Crônica de uma janela apaixonada, de Joaquim Cesário de Mello

 por Joaquim Cesário de Mello__




Foto de Etienne Boulanger na Unsplash


               Seria uma janela como outra qualquer, não fosse seu enorme prazer de sentir-se um olho a observar a cidade em cima do céu do vigésimo andar. 

     Acreditava-se onipresente naquele quarteirão de poucos metros quadrados. Na onisciência do que tudo via se considerava um deus a espreitar o mundo que não criara, através do buraco na parede por onde o vento passava, arejando o quarto onde vivos dormiam, acordavam, trocavam de roupas e em algumas vezes se amavam. Um quarto está para um lar como uma guarita sigilosa e privada está para um castelo. É onde os reis podem se despir de seus trajes majestosos, e, aliviados das cintas, dos espartilhos e das armações metálicas, podem respirar na soltura proeminente e flácida dos abdomens relaxados. 

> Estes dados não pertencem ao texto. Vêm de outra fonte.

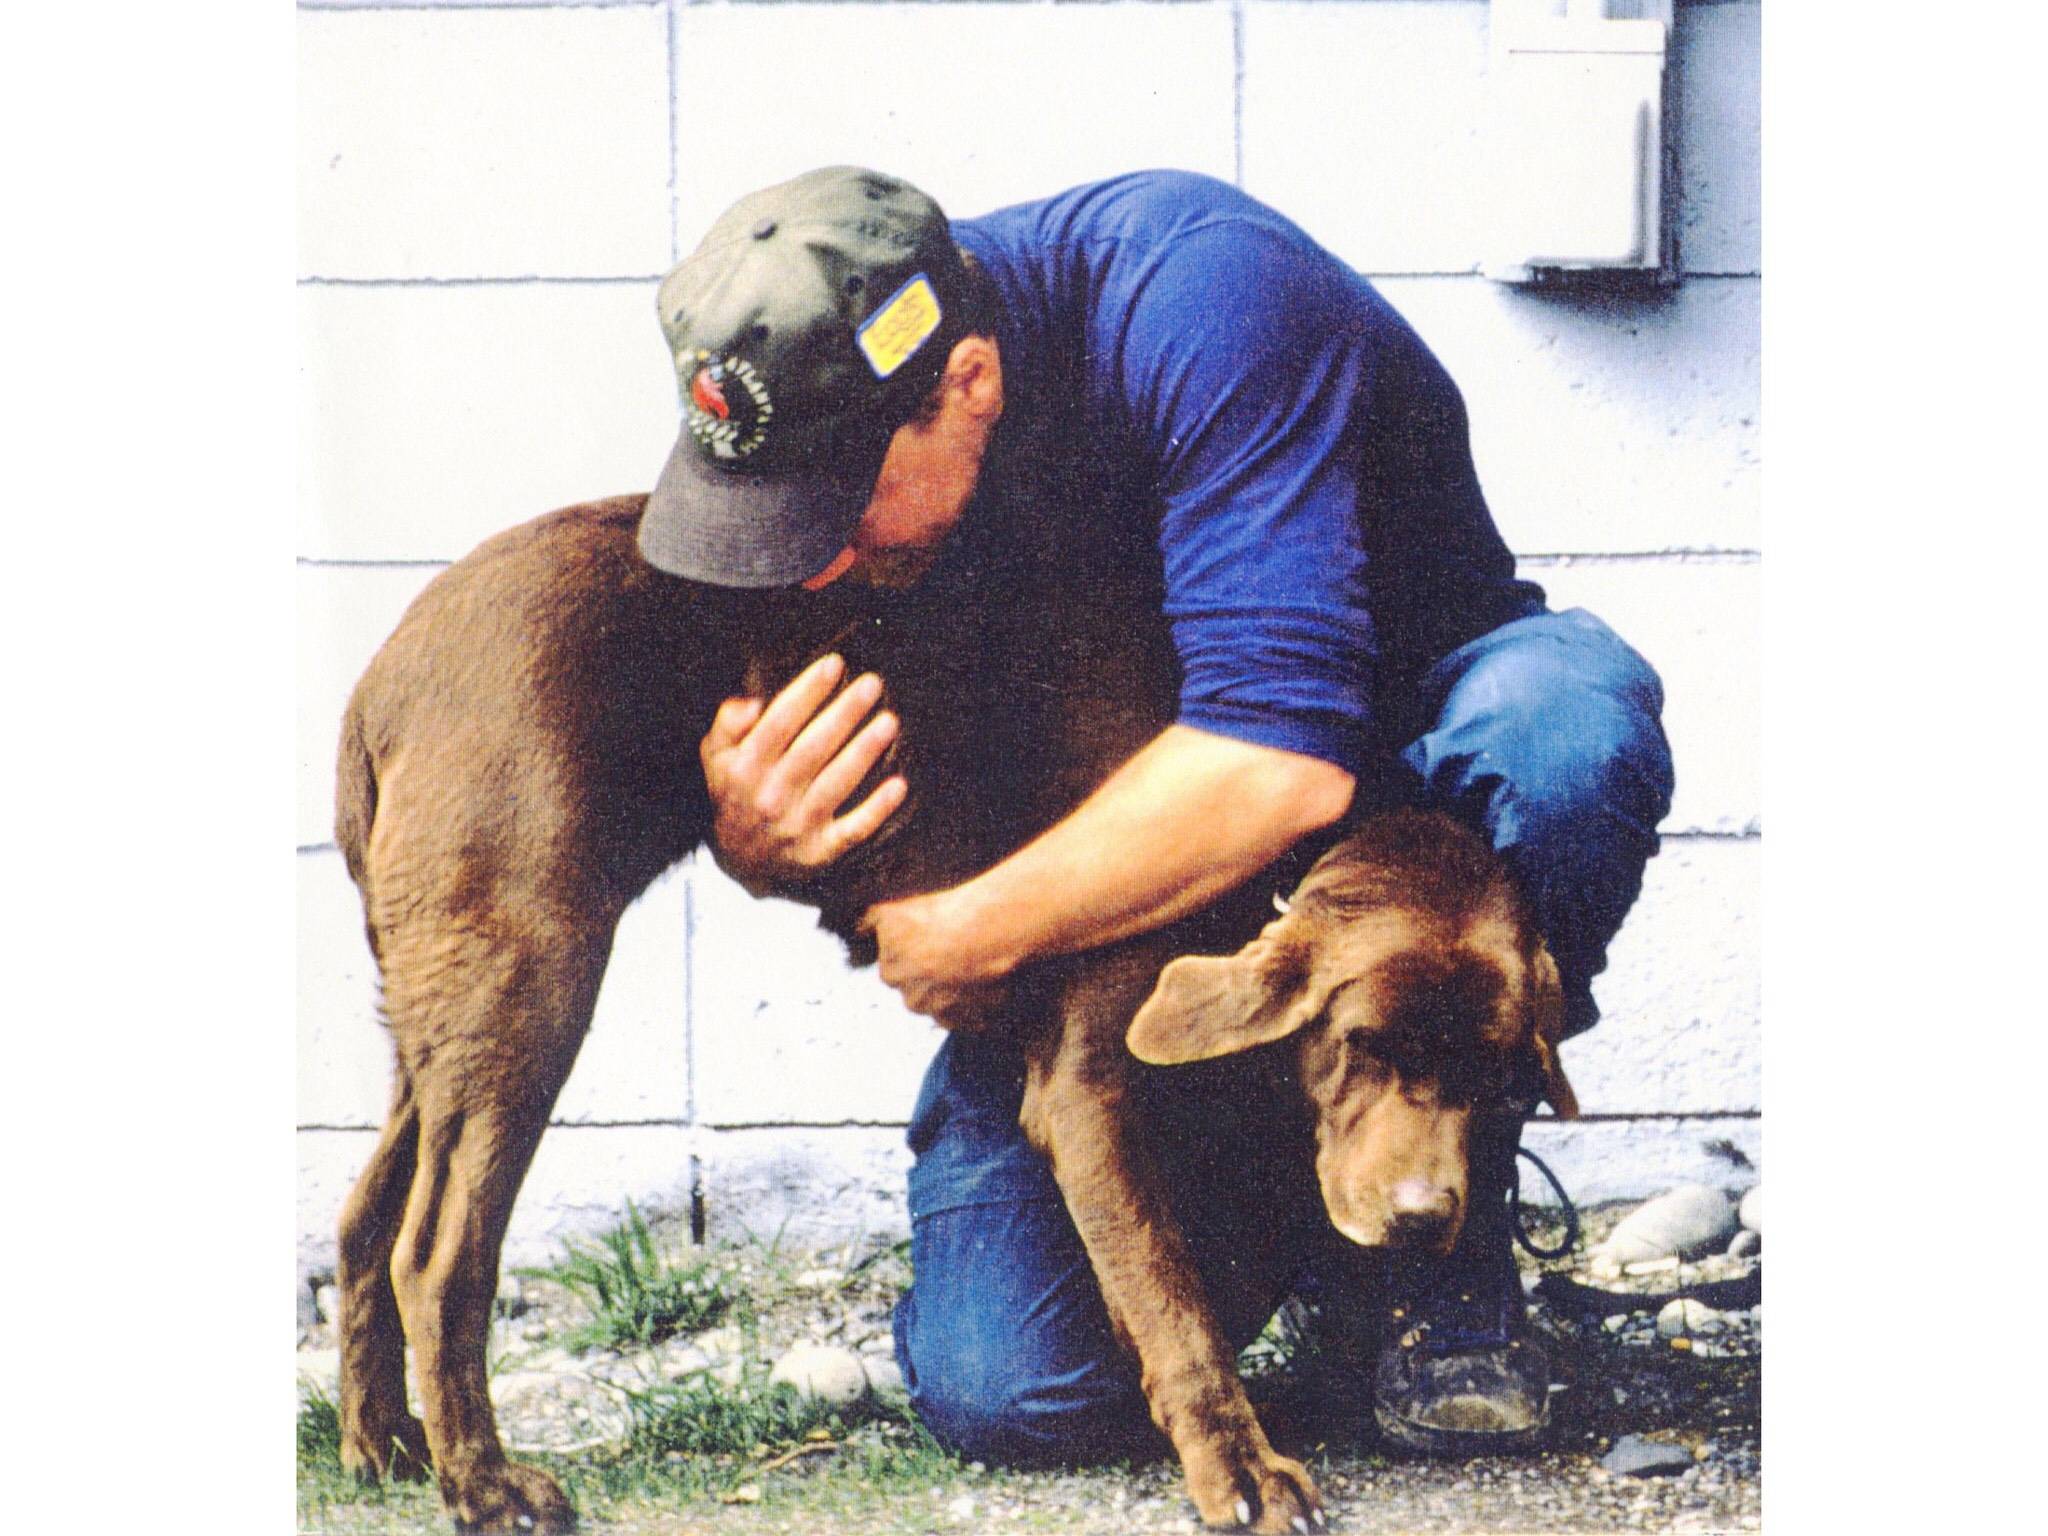 Ned Rozell and his dog Jane in 1997. (Photo courtesy of Ned Rozell)

      Prisioneira em sua solidão emparedada, dialogava com as demais janelas na linguagem das ventanas, no entreabrir piscante das cortinas e persianas, em um confidenciar silencioso no bailar dos ventos que só as janelas sabem. Triste das janelas descortinadas e as dos apartamentos desocupados, pois vivem a mudez como fendas fechadas e reprovadas.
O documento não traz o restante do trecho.